The NFL Players Association and the NFL have agreed on the 2022 salary-cap ceiling. According to ESPN sources, the highest possible salary-cap amount per team will be US$208.2 million. This number is in line with the league’s efforts to deal with the impacts of the COVID-19 pandemic and pay the cancelled 2020 player benefits as soon as possible.

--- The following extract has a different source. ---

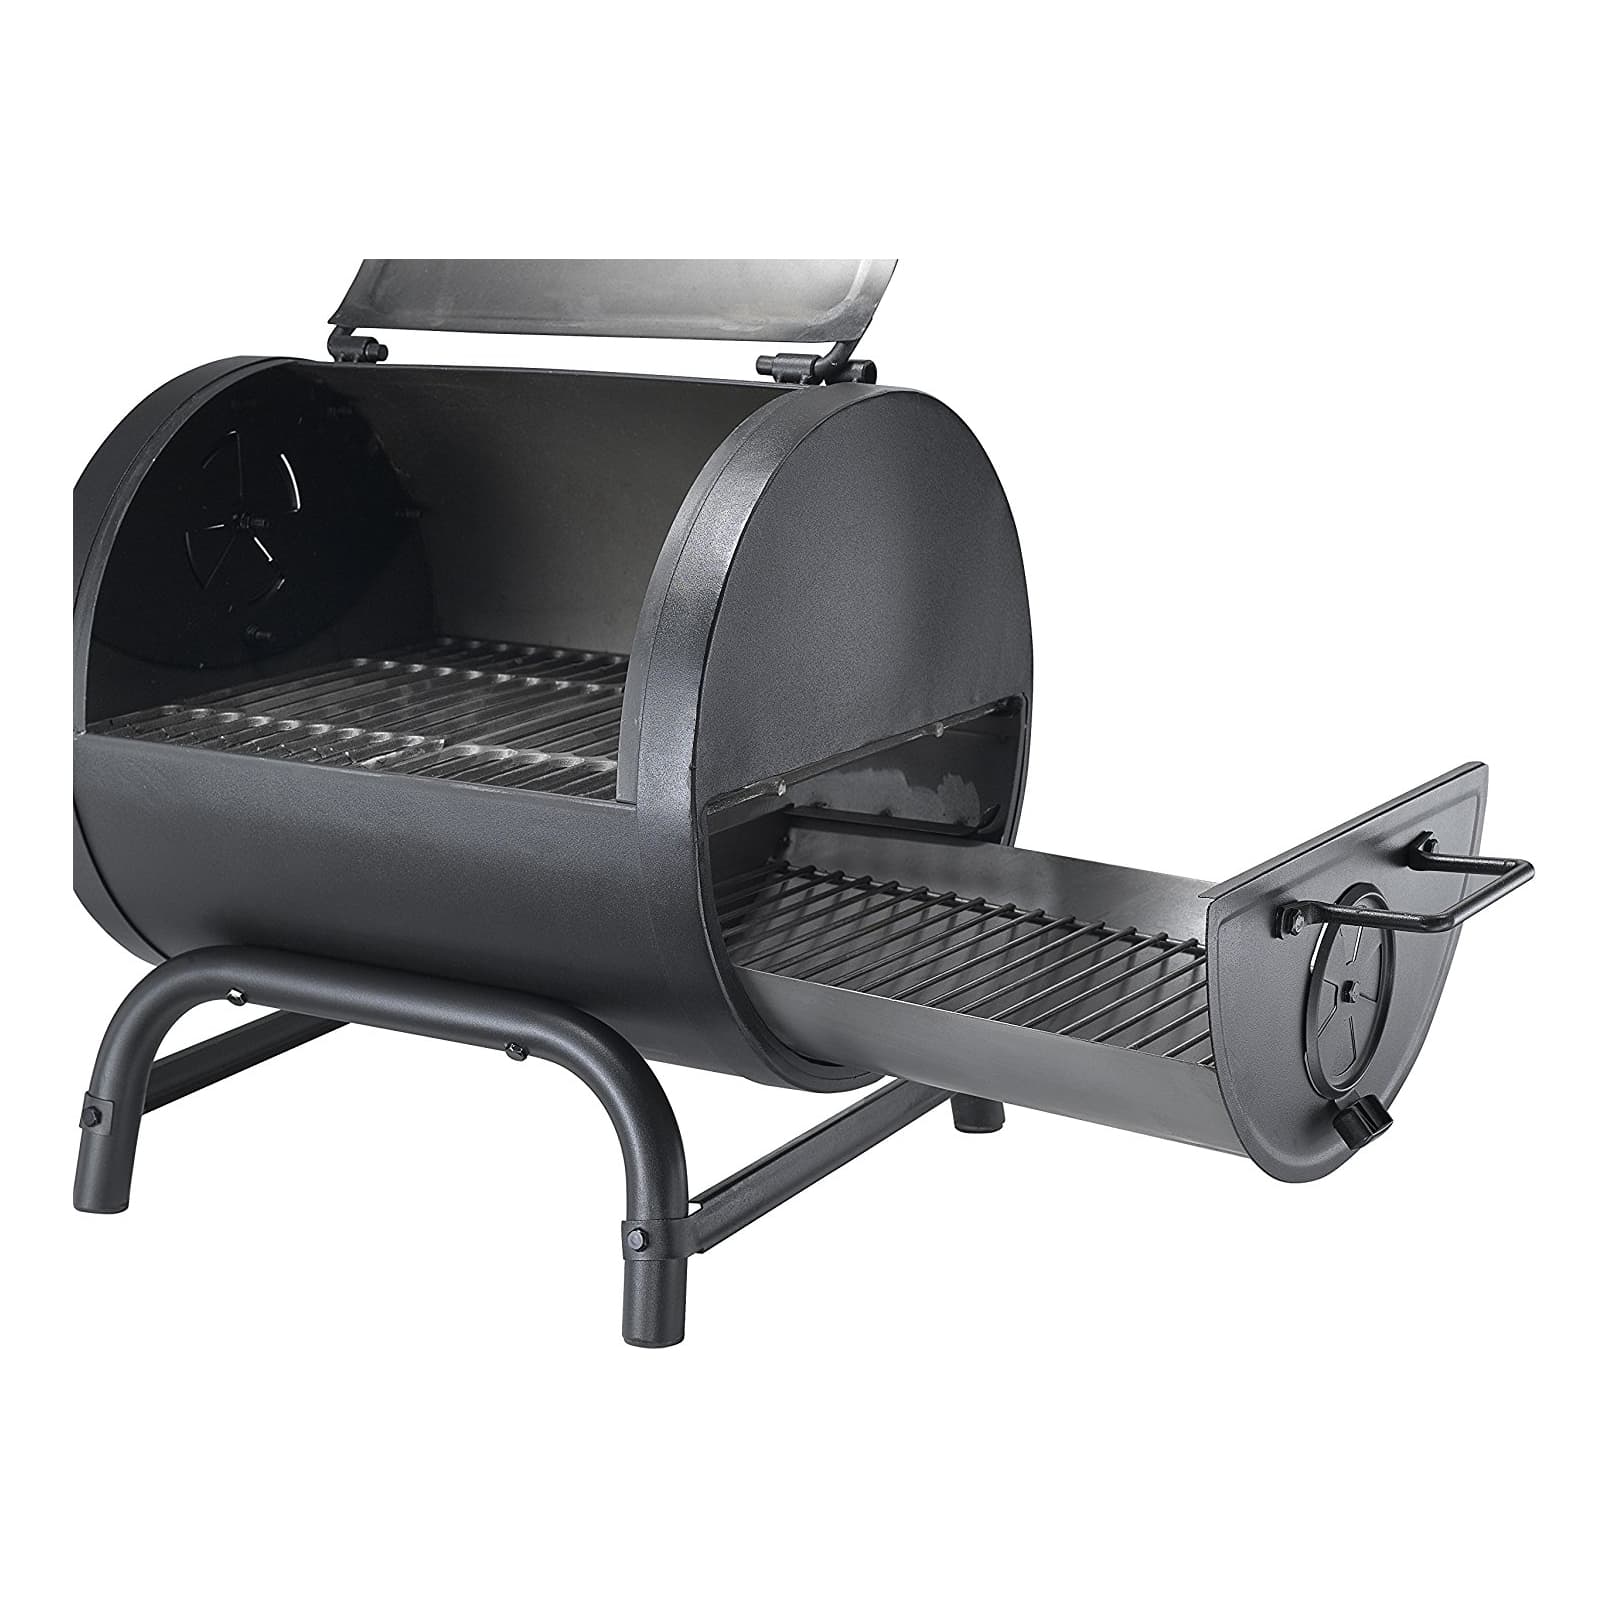 Char-Broil® American Gourmet Charcoal Tabletop Grill - In Use
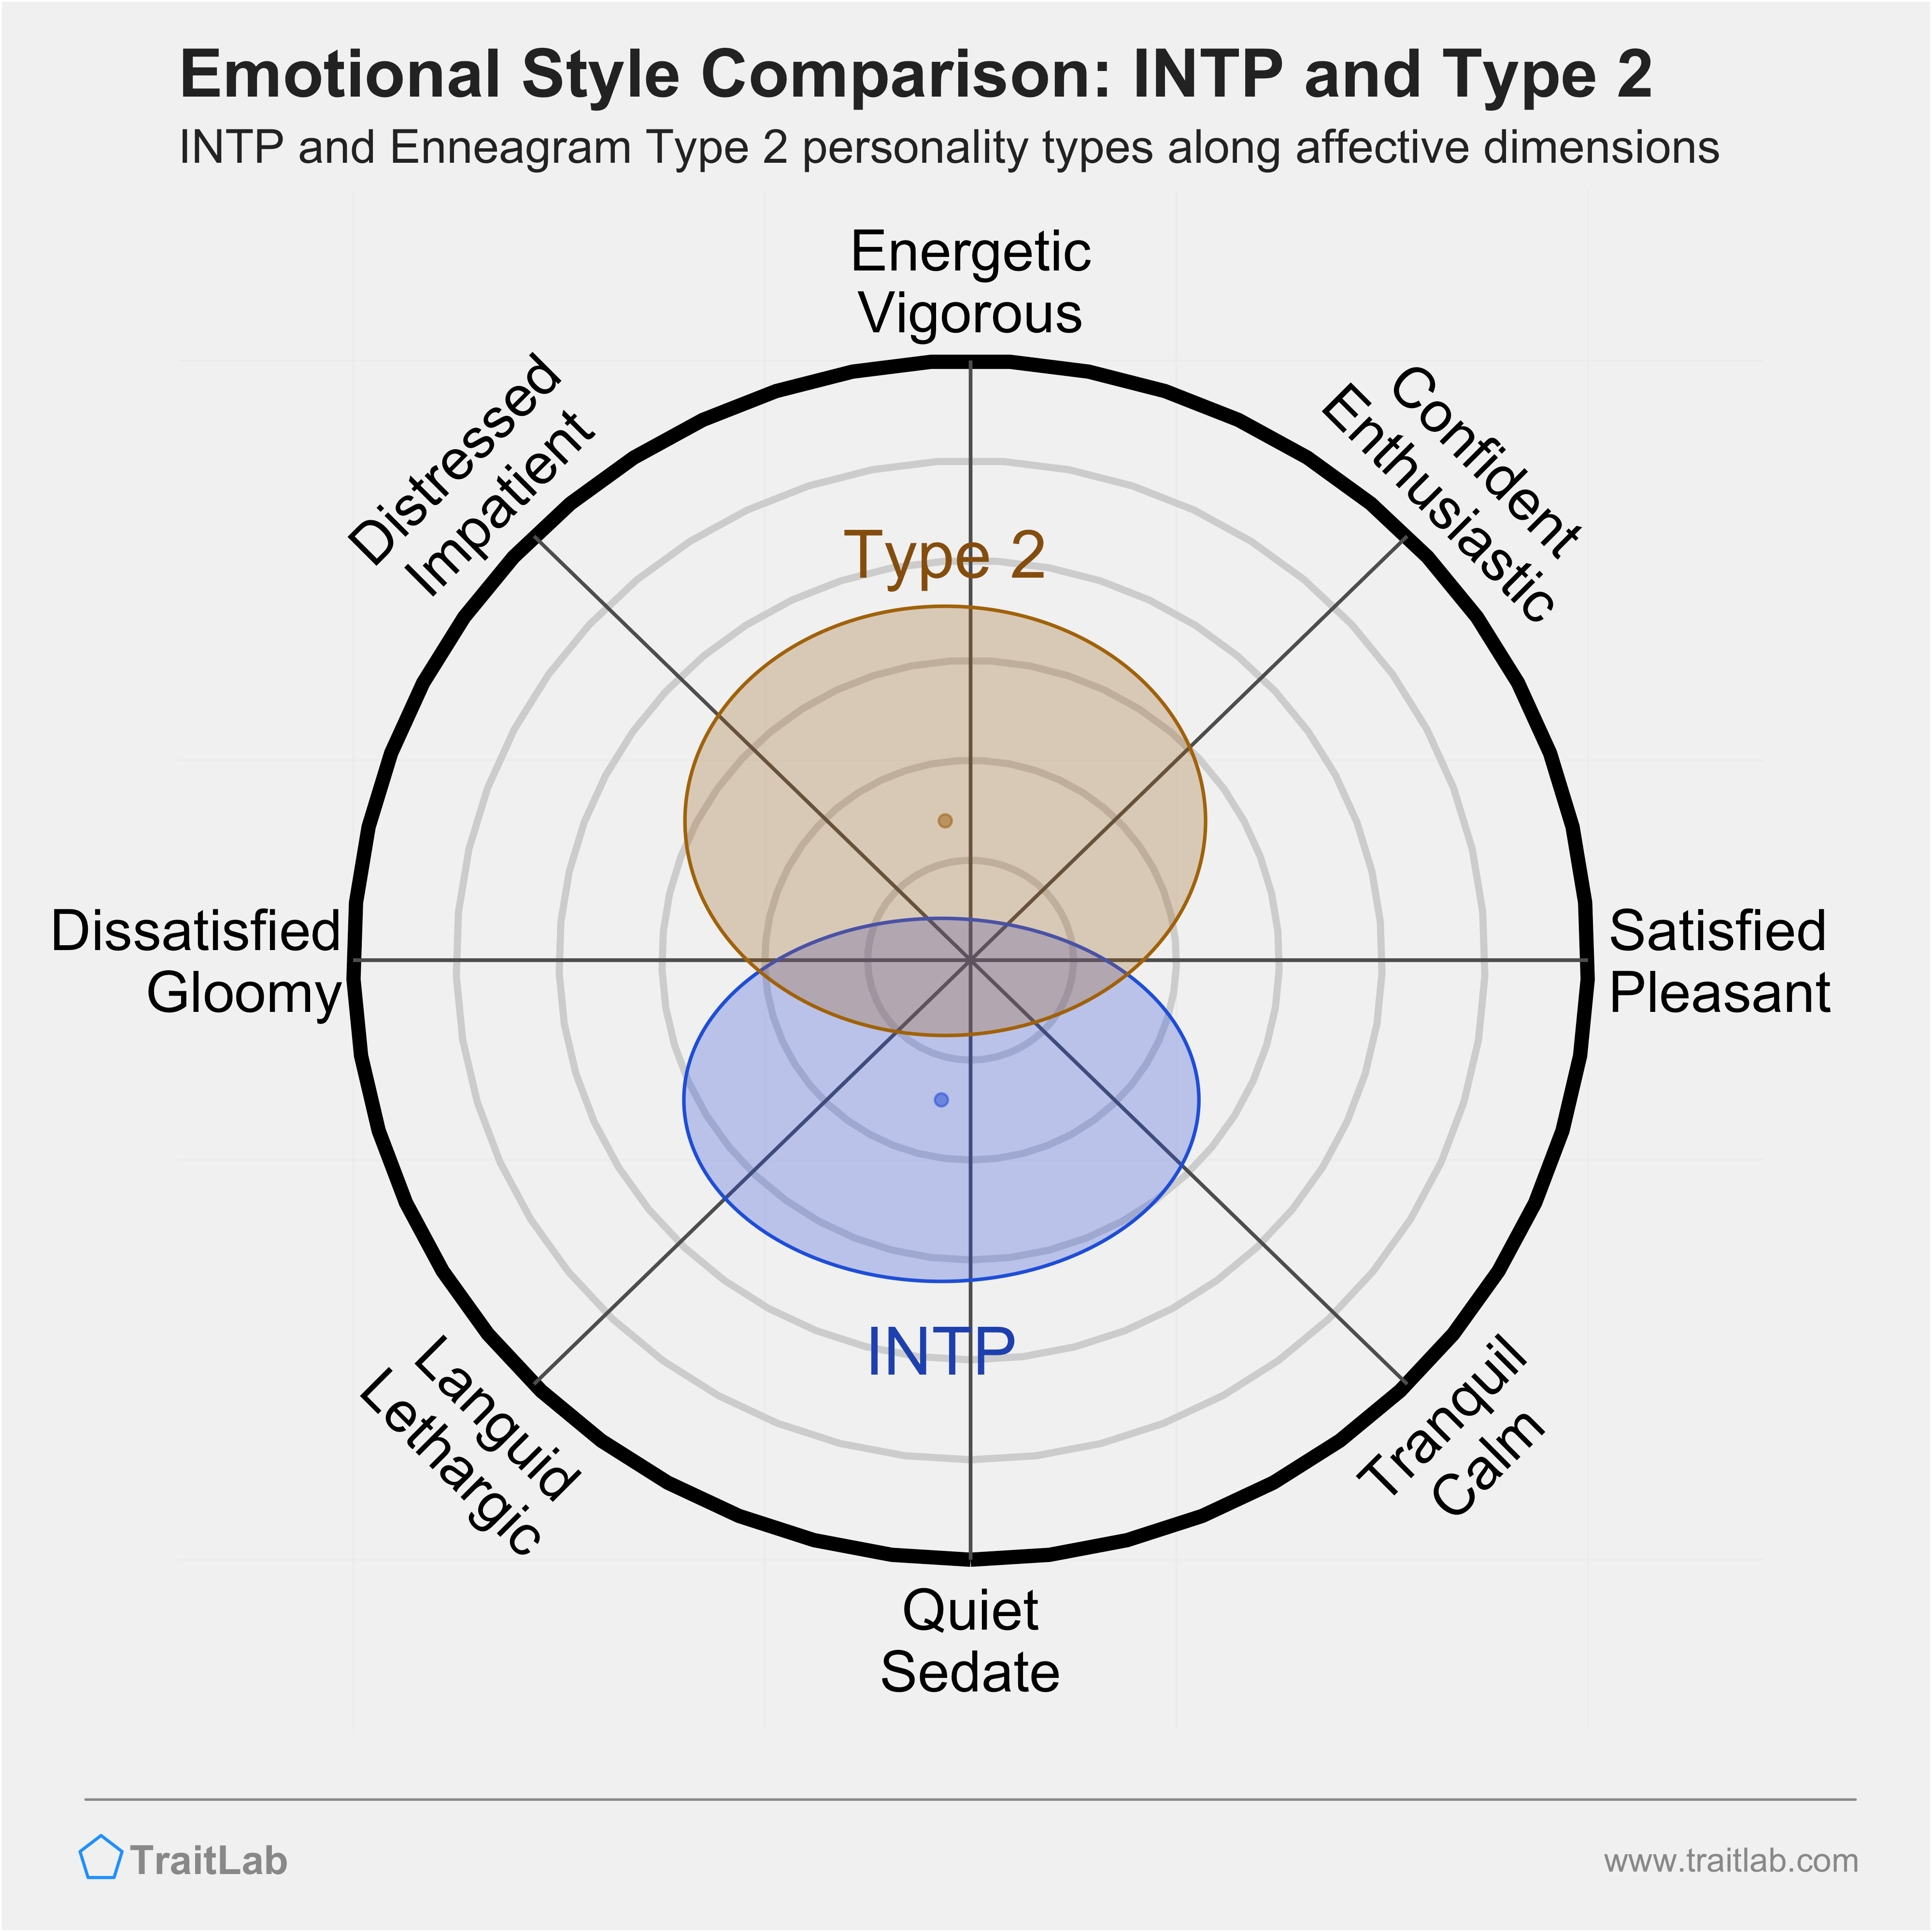 INTP and Type 2 comparison across emotional (affective) dimensions

It All Comes Down to Calculations and Projections
NFL teams don’t have to go all the way up to the $208.2 million cap, of course, but that is the maximum amount that NFL franchises will be able to work with in the 2022 season. It is also possible that revised 2022 revenue projections could result in a lower cap if 2021 revenue projections turn out to be too optimistic.
However, if the revenue calculations say that teams can set higher caps than $208.2 million, then they won’t be able to do that. All excess revenue above that 2022 salary-cap ceiling will go towards paying the $17 million in player benefits that were cancelled in 2020 due to the COVID-19 pandemic.
The 2021 salary cap was calculated based on the NFL’s projected revenue, as well as the COVID-related lost revenue in 2020. It is set at $182.5 million. That is a drop from the $198.2 million salary cap that teams had in 2020.
A Promising 14% One-Year Increase – Highest in Salary-Cap History
Before the COVID-19 pandemic, teams were seeing their salary-cap ceilings increase by roughly $10 million a year. If that had continued, the 2021 salary cap would have been set at about $208 million and the 2022 cap would have been in the region of $218 million.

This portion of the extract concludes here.